In listening recently to The Wound Dresser, I have been so struck by the resonances with our own moment in time – the deep divisions in the country on one hand and the boundless generosity of so many health workers and caregivers in this pandemic on the other. Whitman writes “Thus in silence in dreams’ projections, / Returning, resuming, I thread my way through the hospitals, / The hurt and the wounded I pacify with soothing hand.”

John wrote about the work, “It is a statement about human compassion that is acted out on a daily basis, quietly and unobtrusively and unselfishly and unfailingly.” Another [Whitman] poem in the same volume states its theme in other words: ‘Those who love each other shall become invincible . . . ‘”
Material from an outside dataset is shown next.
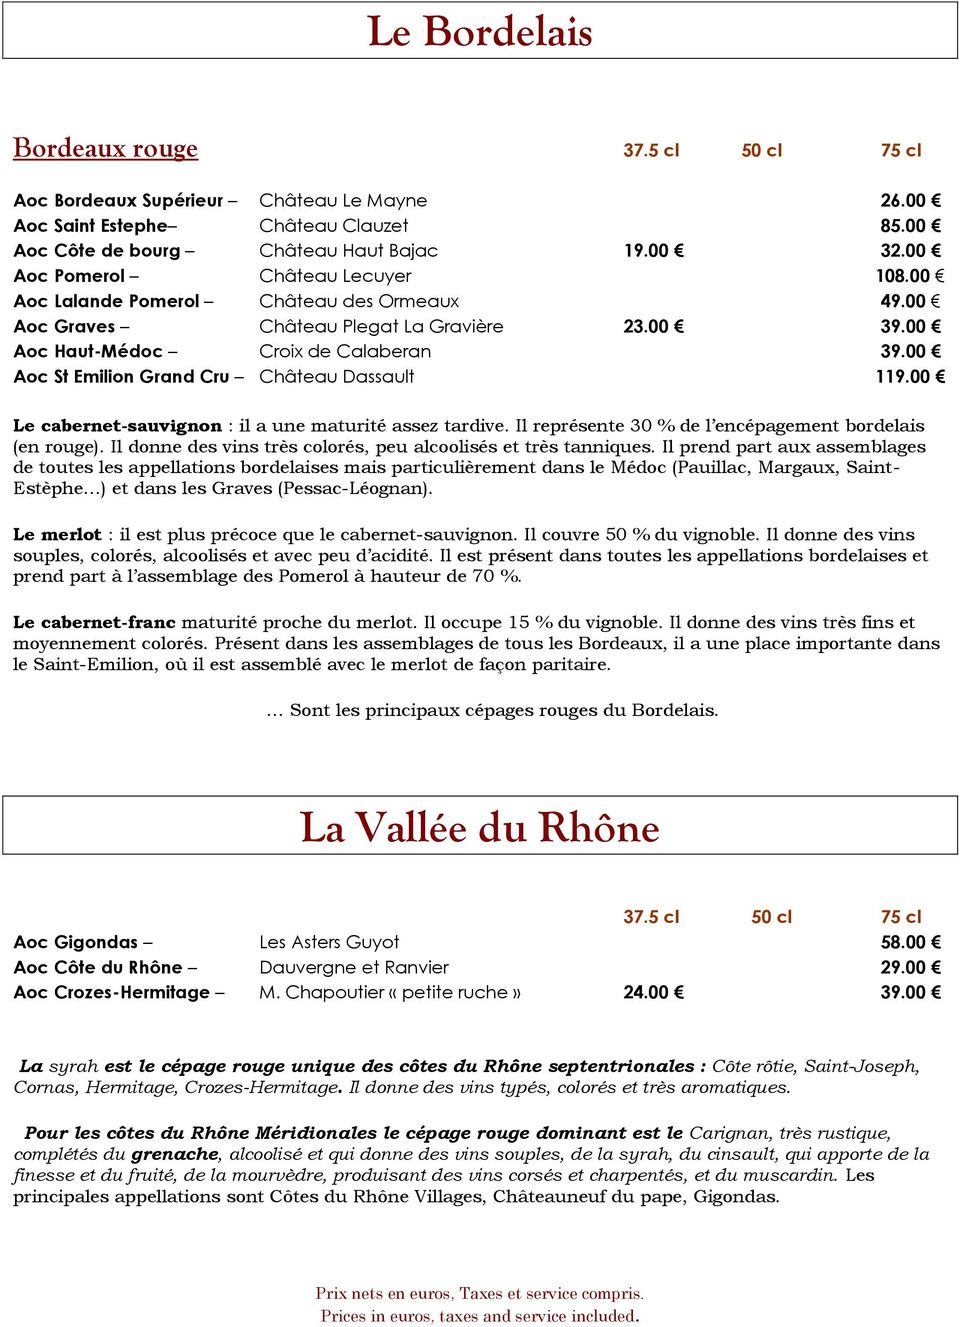 00 Aoc St Emilion Grand Cru Château Dassault 119.00 Le cabernet-sauvignon : il a une maturité assez tardive. Il représente 30 % de l encépagement bordelais (en rouge).

And so, we are reminded that artists are our truth-tellers and our chroniclers, their work our necessary companions through thick and thin. I am also reminded that we turn to the arts particularly in trying times. As we approach the 75th Festival in June, it is meaningful to recall that the Festival was founded in 1947, when the world was just barely emerging from World War II. The Festival’s very existence comes from an act of hope and optimism at a time of rebuilding in the face of adversity. In that spirit, we hold the promise of the next Ojai Festival as a similar act of faith. 

When we gather together to listen to music, we assert our humanity, our belief in the arts, and in community. Thanks to each of you for creating the warm and welcoming spirit of community that defines the Festival. I am so gratified to be working with the musicians who will bring to life the 75th Festival. And I relish the promise of listening to their music in your company.